Singapore, Jun 2: Moody's Investors Service on Tuesday downgraded 11 Indian banks along with as many non-financial companies and infrastructure majors besides four government-related issuers following a downgrade of the Indian government's issuer rating to Baa3 from Baa2 with a negative outlook.

The rapid and widening spread of the coronavirus outbreak, deteriorating global economic outlook, volatile oil prices and asset price declines are creating a severe and extensive credit shock across many sectors, regions and markets, said Moody's.

The Indian banking sector has been affected given the disruptions to India's economic activity from the coronavirus outbreak, which is weakening borrowers' credit profiles, it added.

The 11 lenders include Bank of Baroda, Bank of India, Canara Bank, Central Bank of India, Export-Import Bank of India, HDFC Bank, Indian Overseas Bank, IndusInd Bank, Punjab National Bank, State Bank of India and Union Bank of India.

The 11 non-finance companies are Oil and Natural Gas Corporation, Hindustan Petroleum Corporation, Oil India, Indian Oil Corporation, Bharat Petroleum Corporation, Petronet LNG, Tata Consultancy Services, Infosys, Reliance Industries, UPL Corporation and Genpact.
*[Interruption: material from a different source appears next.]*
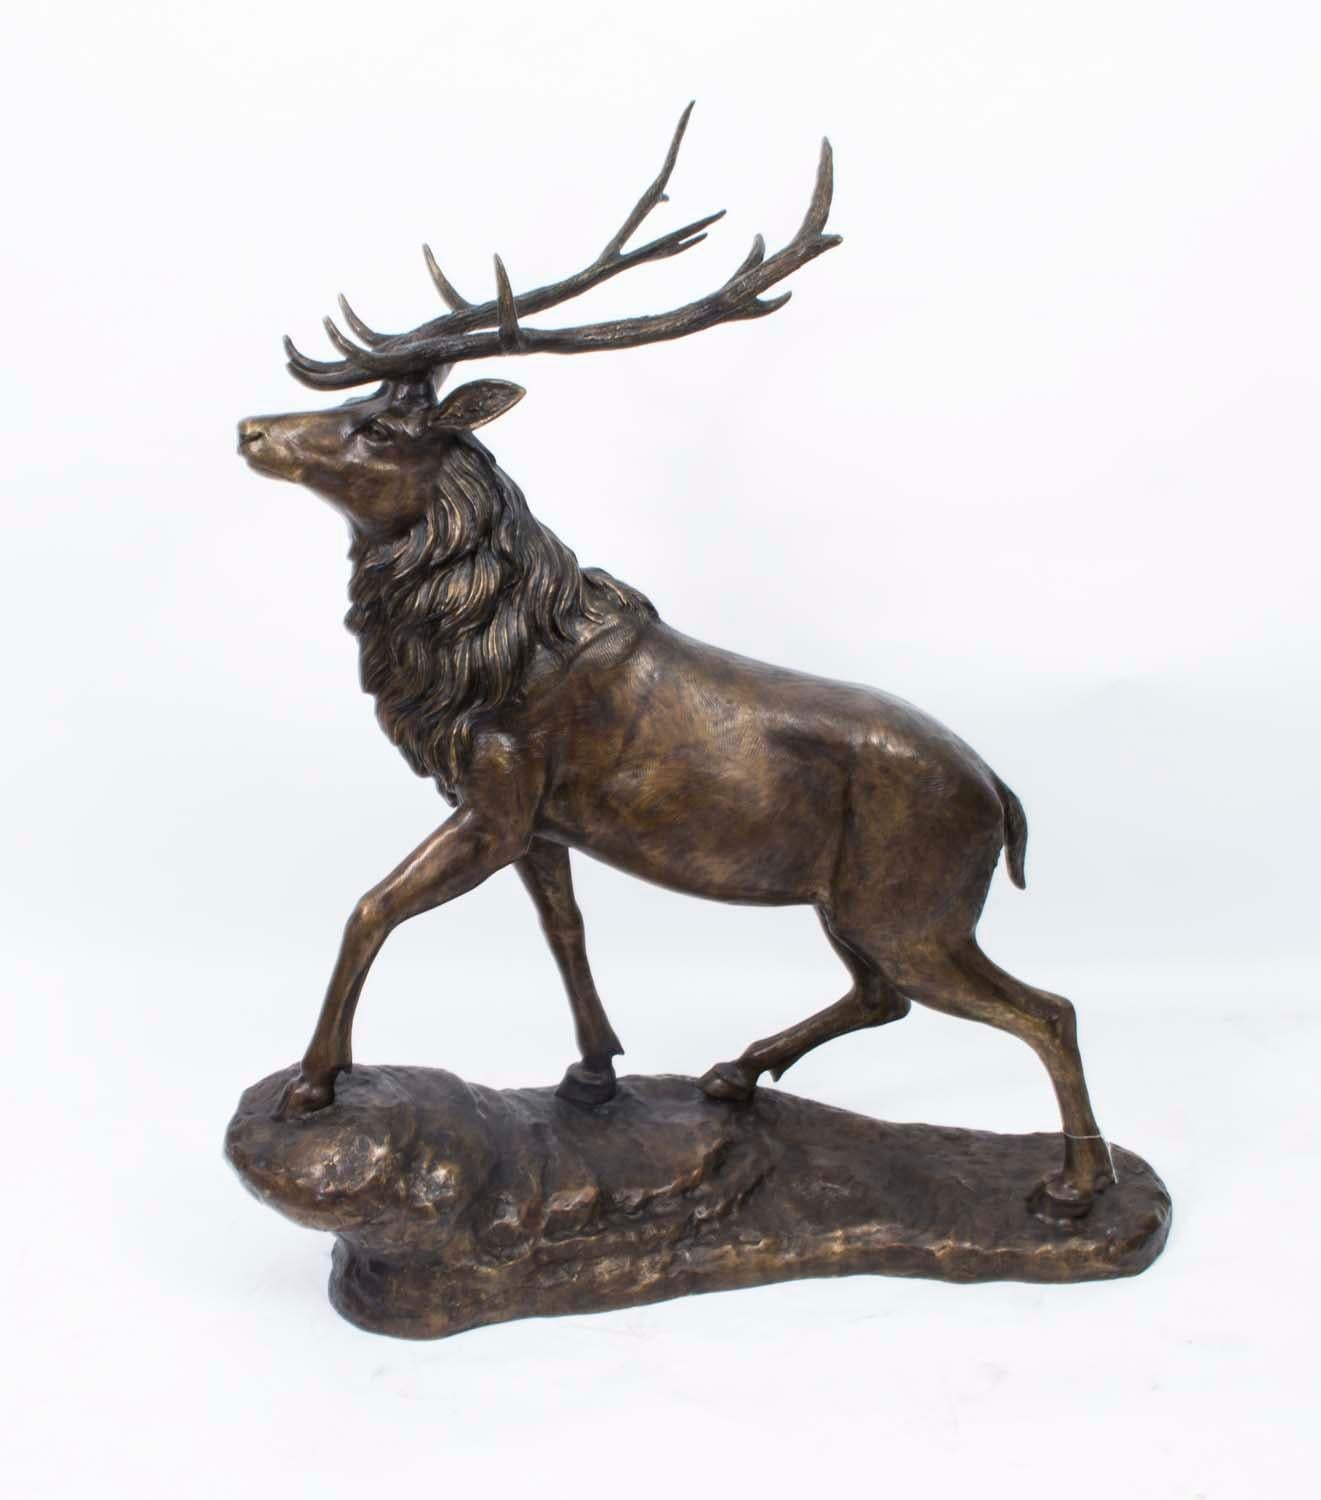 This is a very lifelike monumental bronze sculpture of a proud stag, standing on a mountain sloped base, dating from the second half of the 20th century.

He has a dark brown patina and there is no mistaking the unique design and quality of this

The 11 infrastructure companies are NTPC, NHPC, National Highways Authority of India, Power Grid Corporation, Gail India, Adani Green Energy Restricted Group (RG-2), Adani Transmission Restricted Group, Adani Ports and Special Economic Zone, Adani Transmission, Adani Electricity Mumbai and Azure Power Solar Energy.

The four Indian government-related issuers are Indian Railway Finance Corporation, Housing and Urban Development Corporation, Power Finance Corporation and REC Ltd.

"Government-related issuers in India have been affected because of disruptions to India's economy which will weaken borrowers' credit profiles," said Moody's.